An Al Barsha after-work pub on the Jumeirah side, with weekly quiz nights and an unhurried expat regular base.
Barsha runs on the Al Barsha side of Jumeirah, a short cab ride from Mall of the Emirates Metro. The format is straightforward: a pub-register room with a long bar, draught beer, a competent kitchen menu and a weekly quiz night that pulls the same regulars in cycle after cycle. Time Out Dubai has covered Barsha in its expat pub round-ups for years.
The right visitor wants an AED 45 draught after work, a competent kebab plate, and a Tuesday quiz night with a team of four. The wrong visitor wants a destination cocktail bar, a club register, or a Burj Khalifa view — this is a neighbourhood pub.

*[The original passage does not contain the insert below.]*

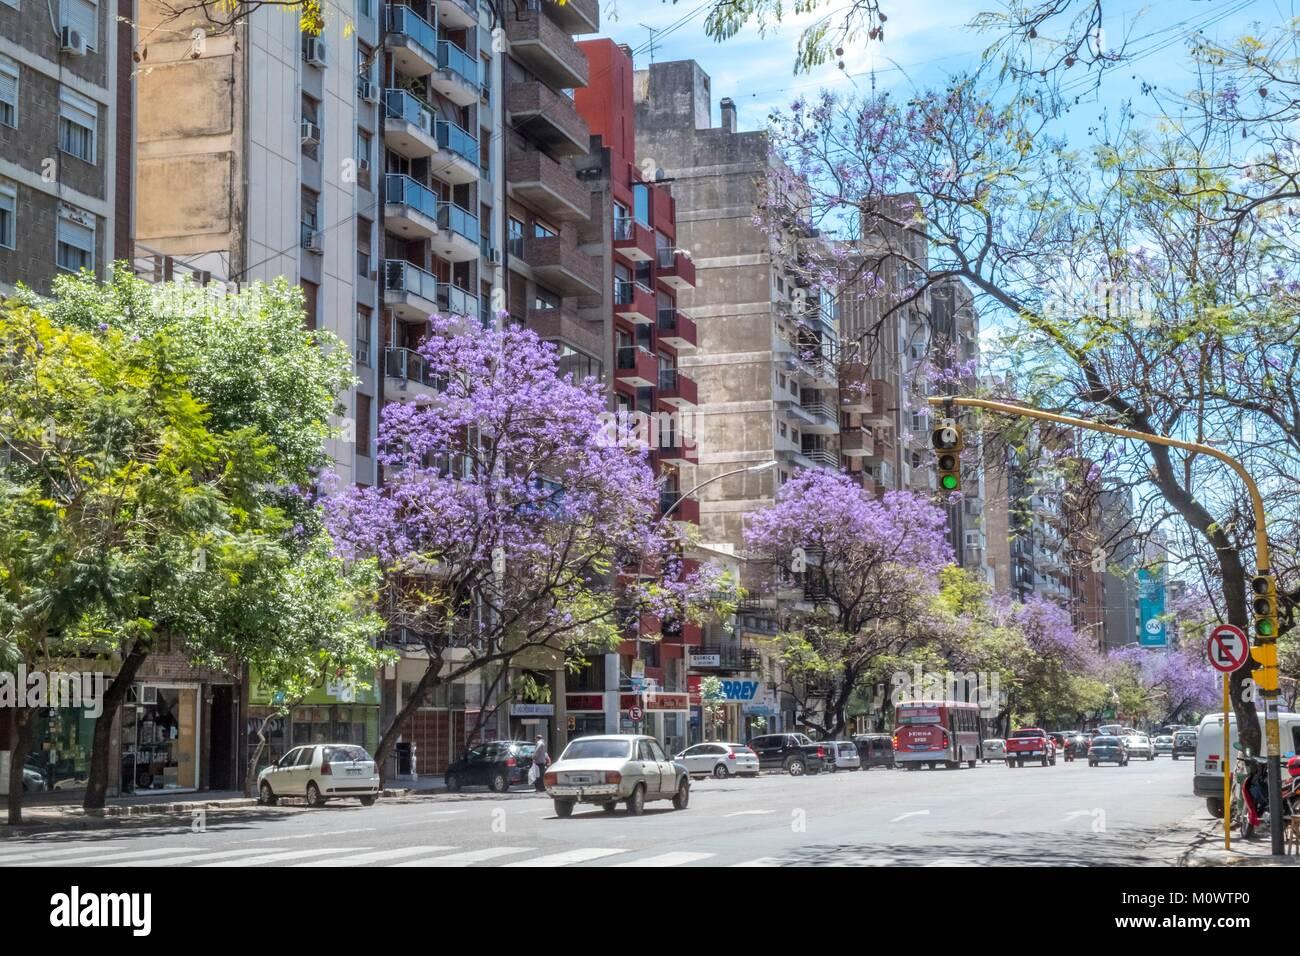 Argentina,Cordoba province,Cordoba,Chacabuco avenue - Stock Image

The room runs pub format: a long bar along one wall, screens tuned to the Premier League and the cricket, dart board in the back corner, a small outdoor terrace facing Al Barsha's low-rise residential street. Time Out Dubai has profiled Barsha as one of the city's last unselfconscious expat pubs — nothing about the room is performative. The terrace is the order in winter; the bar counter is the conversation seat in summer.

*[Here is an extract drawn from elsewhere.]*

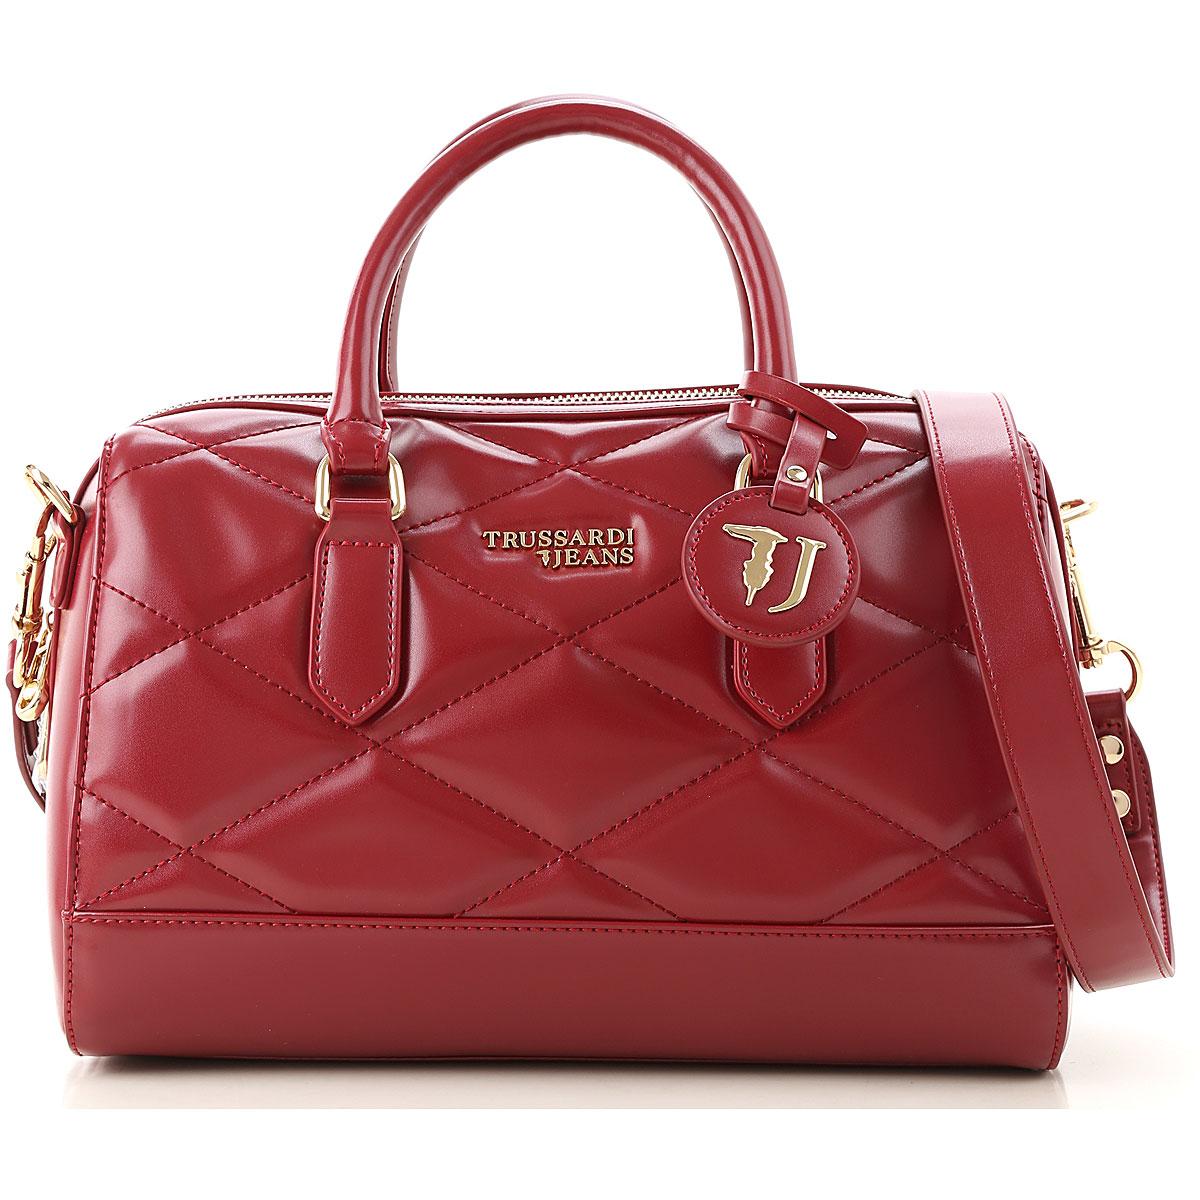 Trussardi Top Handle Handbag On Sale, Garnet, Eco Leather, 2019

The drinks programme is straightforward: draught beer in the AED 35–45 band, a small pub cocktail list at AED 50–65, and a competent but limited wine selection. Carlsberg and Stella on tap are the most-ordered rounds; the espresso martini at AED 60 is the rare cocktail to land. The pub-style spirits selection covers blended Scotch and standard gins; ask the bar for what is in.
Skip the wine list — r/dubai pub threads consistently flag it as the weakest part of the menu. The food menu is the secondary strength: the burger and the chicken wings are the orders, both around AED 75. The kebab plate at AED 85 is the quiz-night order. The bar runs daily happy-hour deals; ask on entry.

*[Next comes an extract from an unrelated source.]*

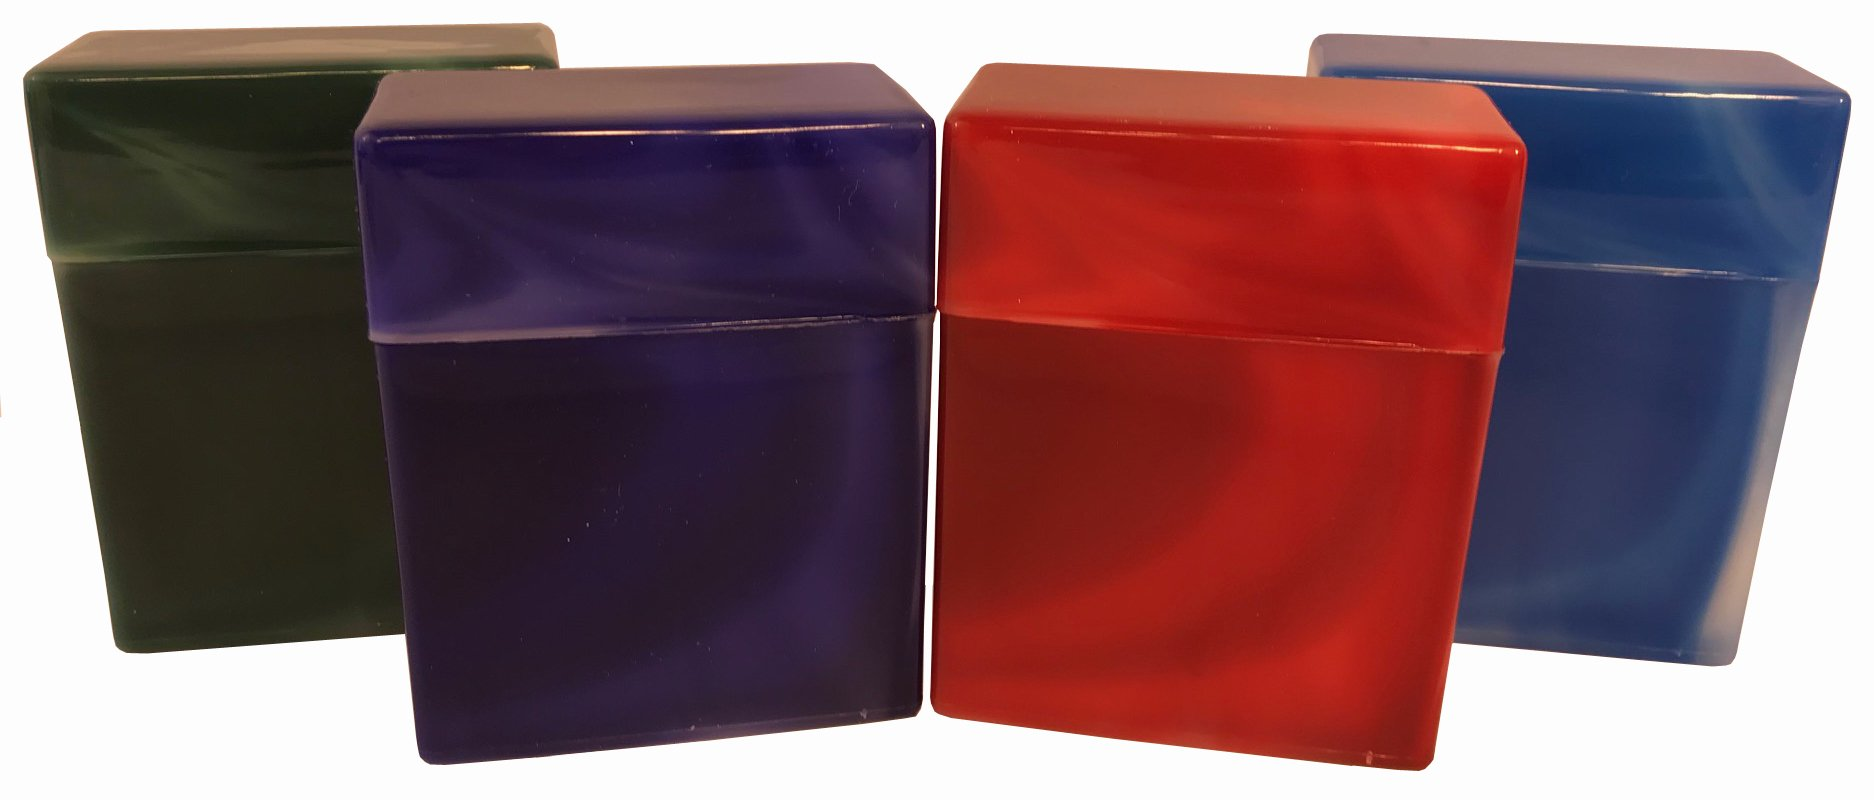 4 Pack King Size Crush-Proof Plastic Flip Open Case Holds 30 Cigarettes

Weeknights the room runs Al Barsha and Jumeirah neighbourhood residents on after-work programmes — mostly the same regulars in mid-week cycle. Quiz nights (Tue/Wed) fill the room with teams of four. Friday and Saturday afternoons run brunch-and-draught register, with cross-traffic from the JBR and Mall of the Emirates circuits. Music sits at conversation level; the screens carry the football matches without dominating.